Austrian actor (1949–2014)

Karlheinz Hackl (16 May 1949 – 1 June 2014) was an Austrian actor and theater director whose varied career included theater, television, film and cabaret performances as well as musical performances (singing).

==Biography==
Hackl was born and was raised in Vienna's fifth district. As an only child, he grew up in stable modest circumstances in Theodor-Körner-Hof, a social housing complex.

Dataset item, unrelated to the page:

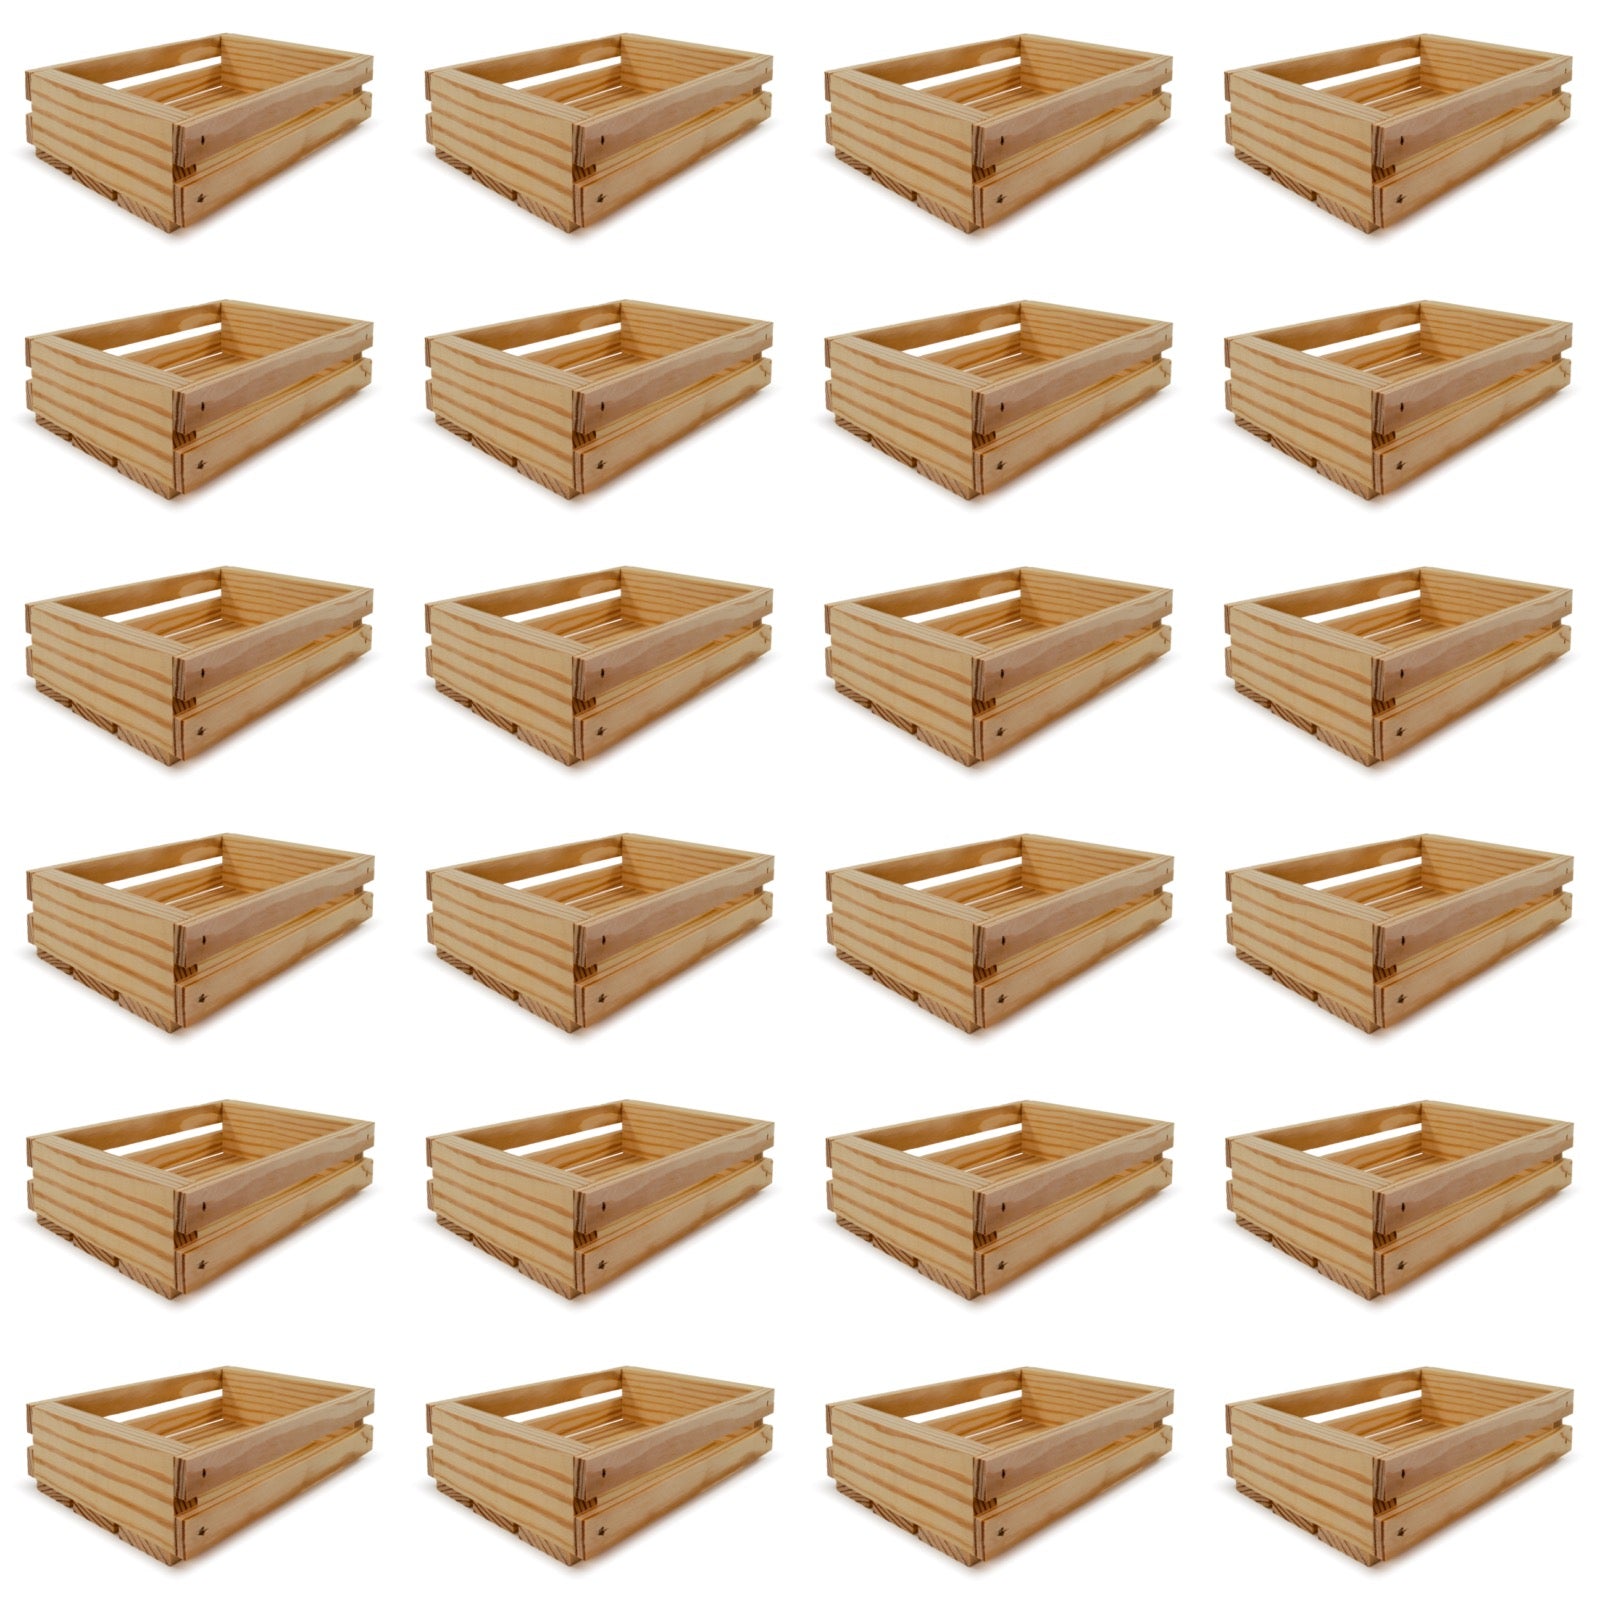 24 Small wooden crates 8x6x2.5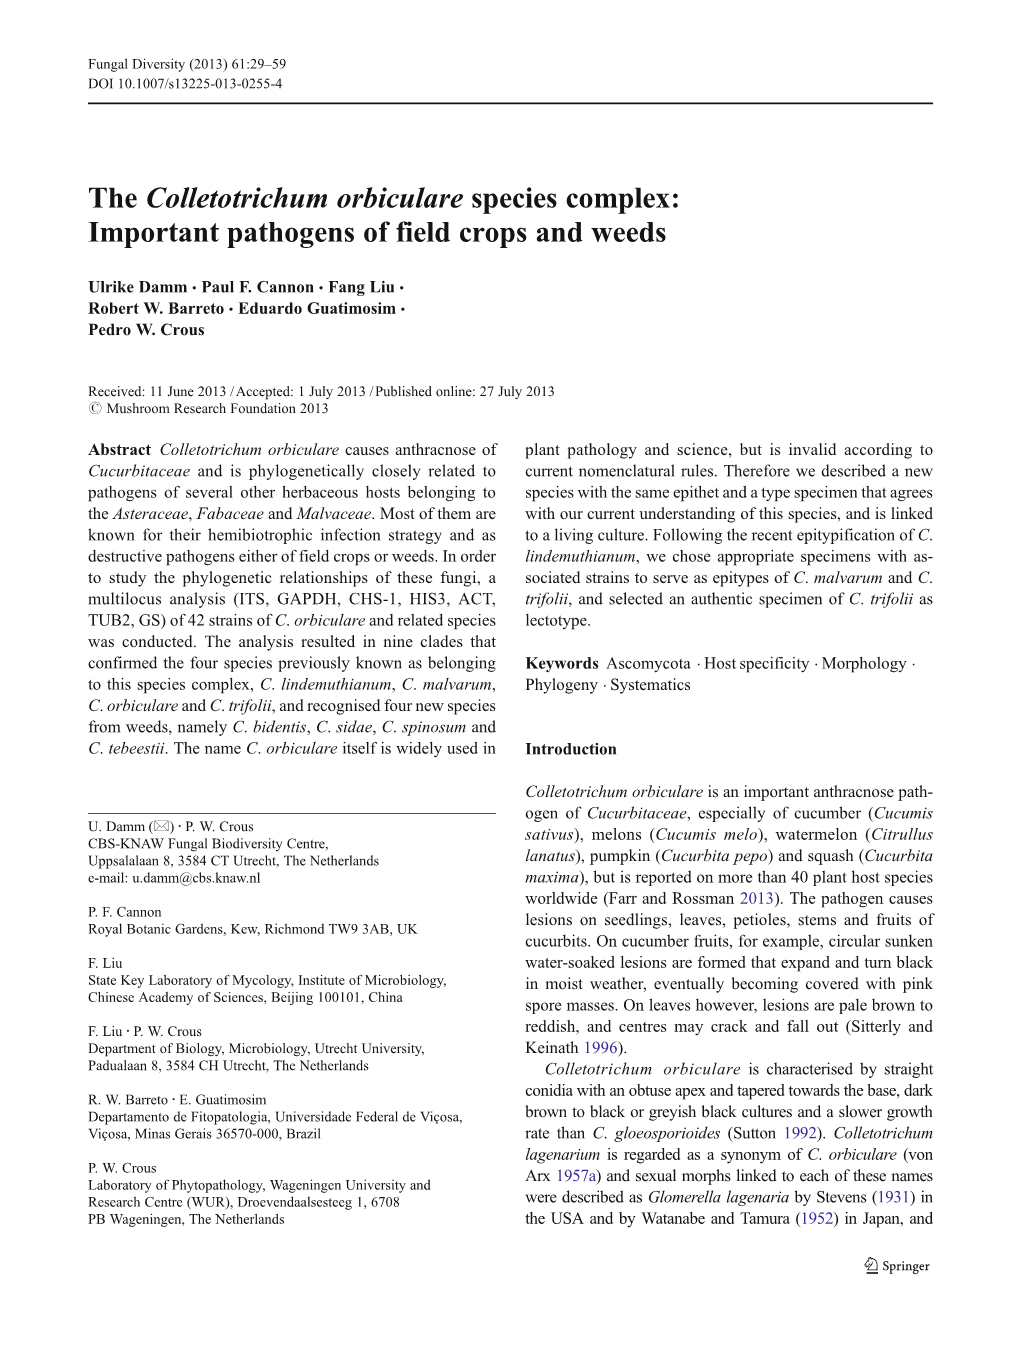 The Colletotrichum Orbiculare Species Complex: Important Pathogens of Field Crops and Weeds

After his Matura, he went on to study Business economics at the Vienna University of Economics and Business, but began acting at the private Viennese drama school Krauss. He began his career in 1972 at the Theater der Courage in Vienna.

Between 1974 and 1976, he performed at the Viennese Volkstheater, then went on to the Thalia-Theater in Hamburg before returning to Austria in 1978 and joining the Viennese Burgtheater's ensemble, where he soon became a crowd favourite.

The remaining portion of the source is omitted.